Ms. Morales is a certified public accountant in the state of California and holds a Bachelor of Science degree in accounting from Chapman University.
Senior forecast and research manager, Office of Financial Management (OFM)
Thea Mounts has over 30 years of experience directing and conducting research and analyses on health and human services programs for the state of Washington. At OFM, she oversees the development of the state’s Medicaid expenditure forecast and recently directed the successful implementation of the Washington All-Payer Claims Database (WA-APCD).
In addition to her work on health-related issues, she has been the director of the Washington State Statistical Analysis Center for criminal and juvenile justice research since 2007. She holds a master’s degree in Sociology/Demography from the University of Washington and a bachelor’s degree in Mathematics from Colgate University.
Senior consultant, HealthTrends
Hunter is a health economics and analytics consultant at HealthTrends providing health care planning, statistical analysis, and financial consulting to many of the health systems in Washington State.
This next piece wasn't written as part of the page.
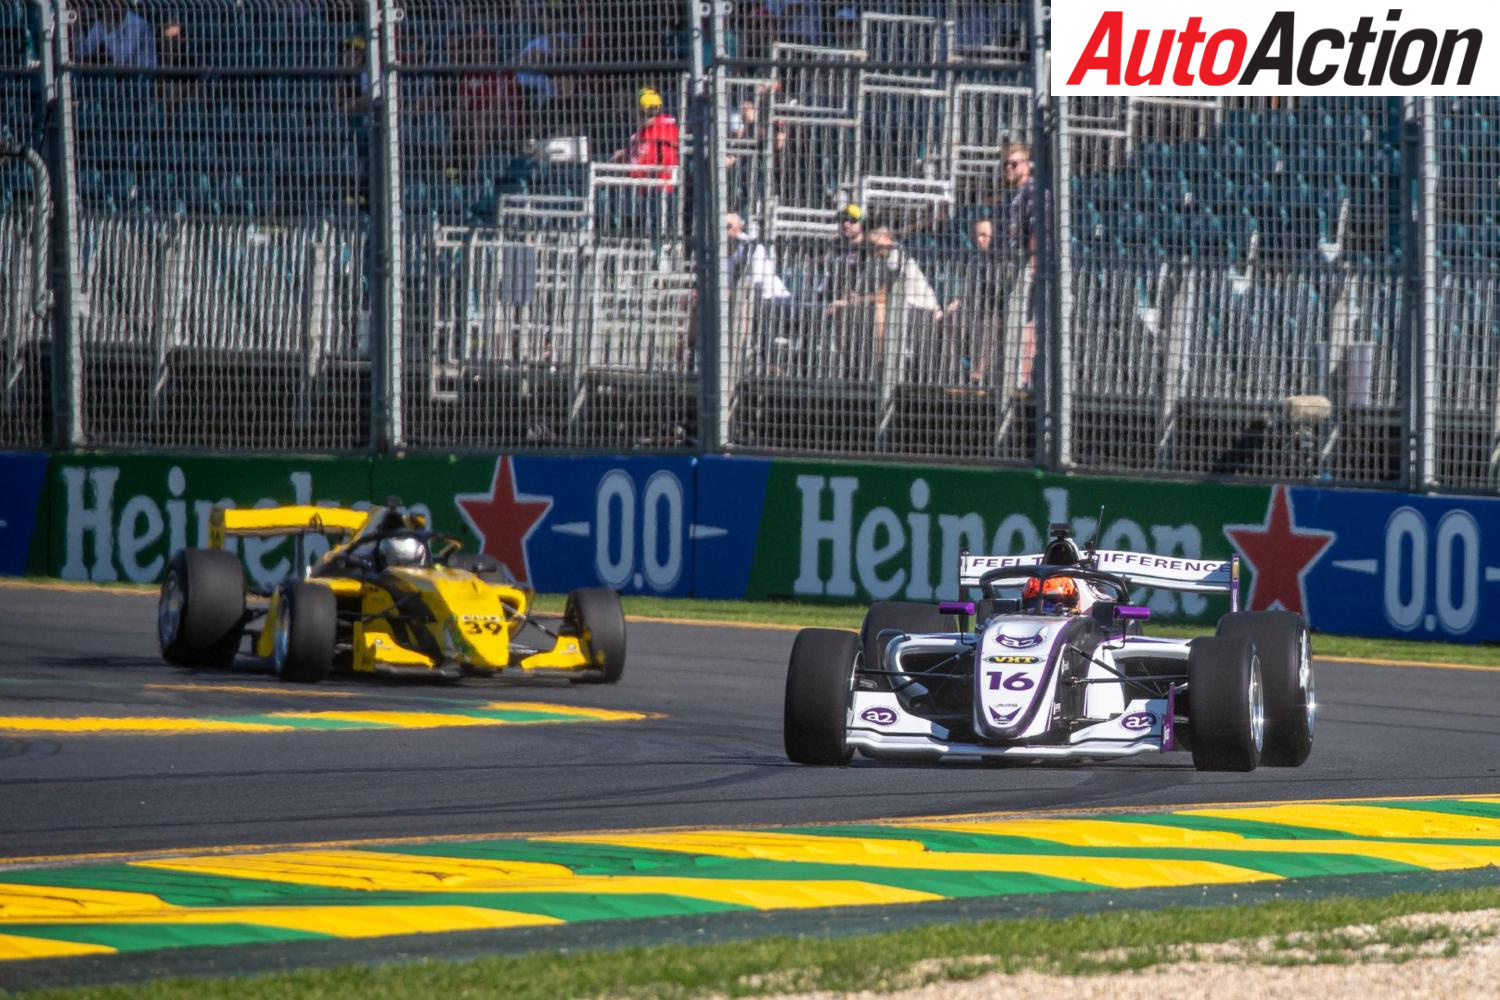 Væve største Spanien AUTO ACTION'S CALL FOR AN AUSTRALIAN GRAND PRIX IN 2020 - Auto Action

In his work, he has prepared quantitative analysis and market research that supports health system strategic decision-making, business plan development, and financial viability. Hunter has extensive experience developing demand and financial forecast models for health services across the continuum of care, actuarial analyses of health insurance benefit utilization and costs, and assisting in the modeling and preparation of expert reports for health law cases.
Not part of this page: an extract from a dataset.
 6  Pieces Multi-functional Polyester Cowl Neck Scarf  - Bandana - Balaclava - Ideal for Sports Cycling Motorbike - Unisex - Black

Hunter also lectures at the University of Washington’s MHA program, teaching a five-week health services data analysis curriculum to graduate students.
Director, Data Management and Analytics, Washington Health Alliance
Mark Pregler has more than 30 years of experience in information technology with an emphasis in health care data warehousing and business intelligence environments. Having developed a passion for data early in his career as a software developer, he has spent the past 25 years focusing on health care data and information. With this experience, Mr. Pregler brings a strong foundation of business, technology, and analytics knowledge to the Alliance.
Prior to joining the Alliance, he served as director of Knowledge Services at Premera Blue Cross where he was responsible for the Data Warehouse and Business Intelligence program. In this capacity, he set the strategic direction of the program and led efforts in the design, development, and implementation of reporting and analytic solutions for a wide variety of internal and external stakeholders. He also held similar roles at Pacific Health Systems in the Actuarial, Finance and Health Care Economics division.